Who - Who is the online course for?
The first thing to know is what the target of the online course is. Will the students be managers or new hires? What is the age range, the business function? The more detailed the information on the target, the more the educational designer will be able to outline the Person. In practice it is an identikit of the student to keep in mind when thinking about the content of a course: the language to use, the examples to be made, the type of exercise to prepare, the cultural and functional references that change based on criteria such as age or the role one has in the company.
What - What topics should the eLearning project cover?
If an SME contacts an instructional designer to ask for a tailor-made online course it means that he already has an idea of the topics that are not answered in a standardized course. The needs of an SME can be different: transmitting certain skills to the students of the course, conforming to a new legal framework, taking a refresher course.

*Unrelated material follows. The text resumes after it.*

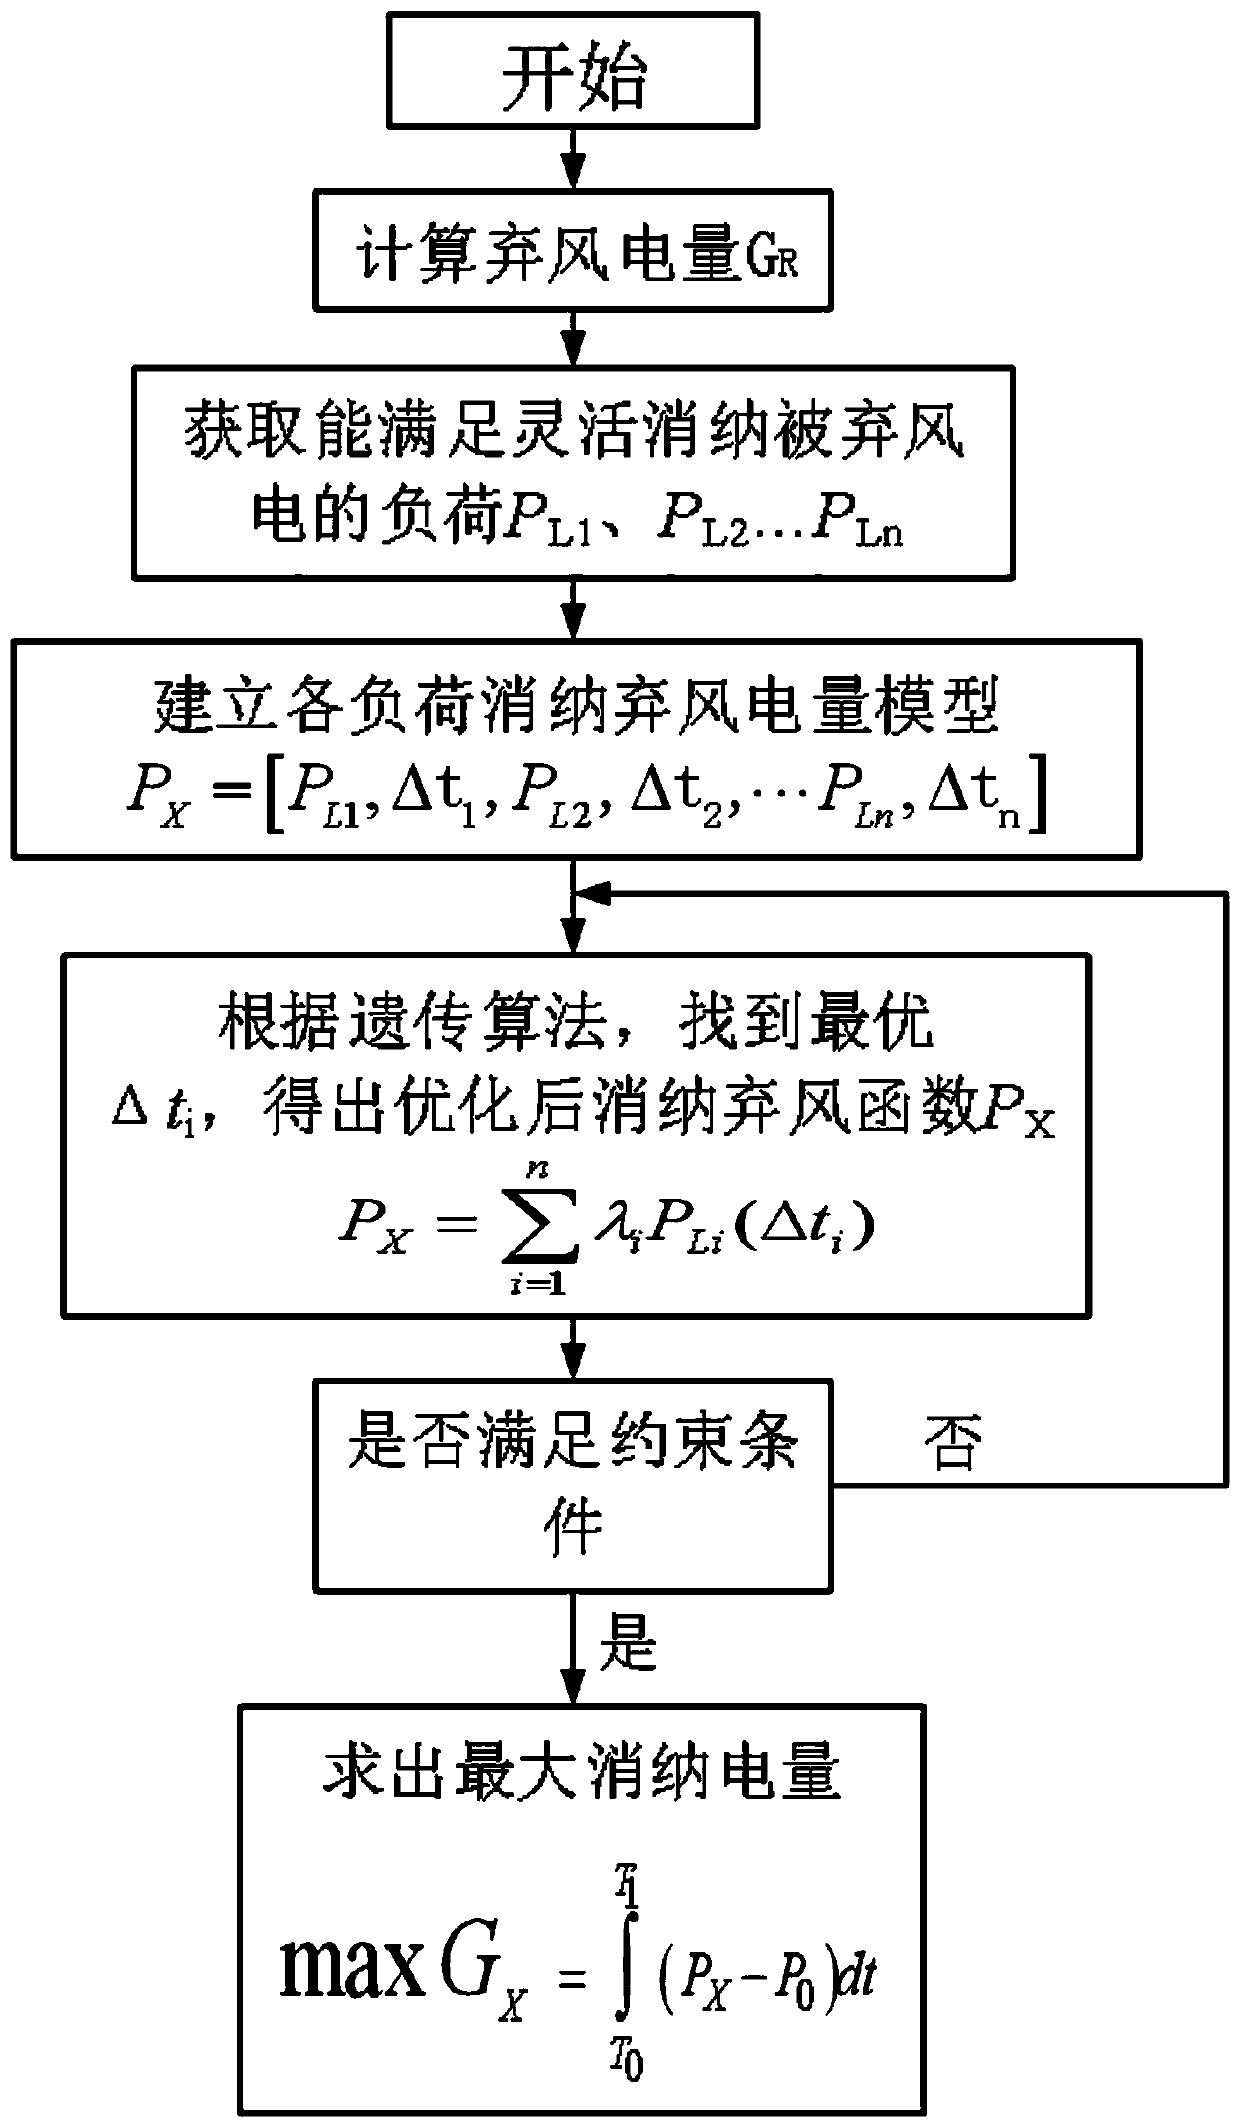 Market trading method based on flexible consumption of abandoned wind power at load side

The list of topics to be discussed emerges accordingly and will be the basis from which to start to understand which are the training deficiencies and with which activities and tools the set goals can be achieved.
When - Within how much time should the course be delivered in eLearning mode?
Sometimes companies set up training courses for scheduled company appointments that cannot be postponed. For example, taking a course in organizing events to apply the knowledge learned to an important meeting or during a trade show requires a well-structured timetable. The timing information is used by the instructional designer to decide how long it takes to prepare and deliver the course at the right time.
Why - Why would beneficiaries want to take this course online?
This is a fundamental question for both the SME and the final beneficiaries of the course. The SME knows exactly why it requires employees to take a training course. To ensure that an online course is successful, it is essential to involve the beneficiaries of the course and understand what their vision of the training course is and, above all, why they think it is necessary to train in a certain subject.
Where - Where to find reference material for the online course?
It seems strange that a trainer asks a company what are the sources to use for an online course. It would be even more controversial to do research to prepare material that the company has already used or treated in previous courses, without obtaining the desired results. Cross-referencing the data on the list of topics that the company would like to discuss and on the sources used previously is a way to understand how to deepen certain points or totally diversify the training offer.
How - Have you already had experience with an online course?
The how is also added to the 5 W of journalism. It is obvious that those who contact an instructional designer plan to take an online course. One of the advantages of eLearning, however, is that it also allows the use of mixed formulas that include moments of distance and classroom training. Knowing if the SME has already had experience of an online course helps the instructional designer to understand how to deliver the course, totally online or in a blended formula.
To understand what questions to ask an SME before preparing a personalized online course, just start with the 5 W rule of journalism: who, what, where, when, why plus how.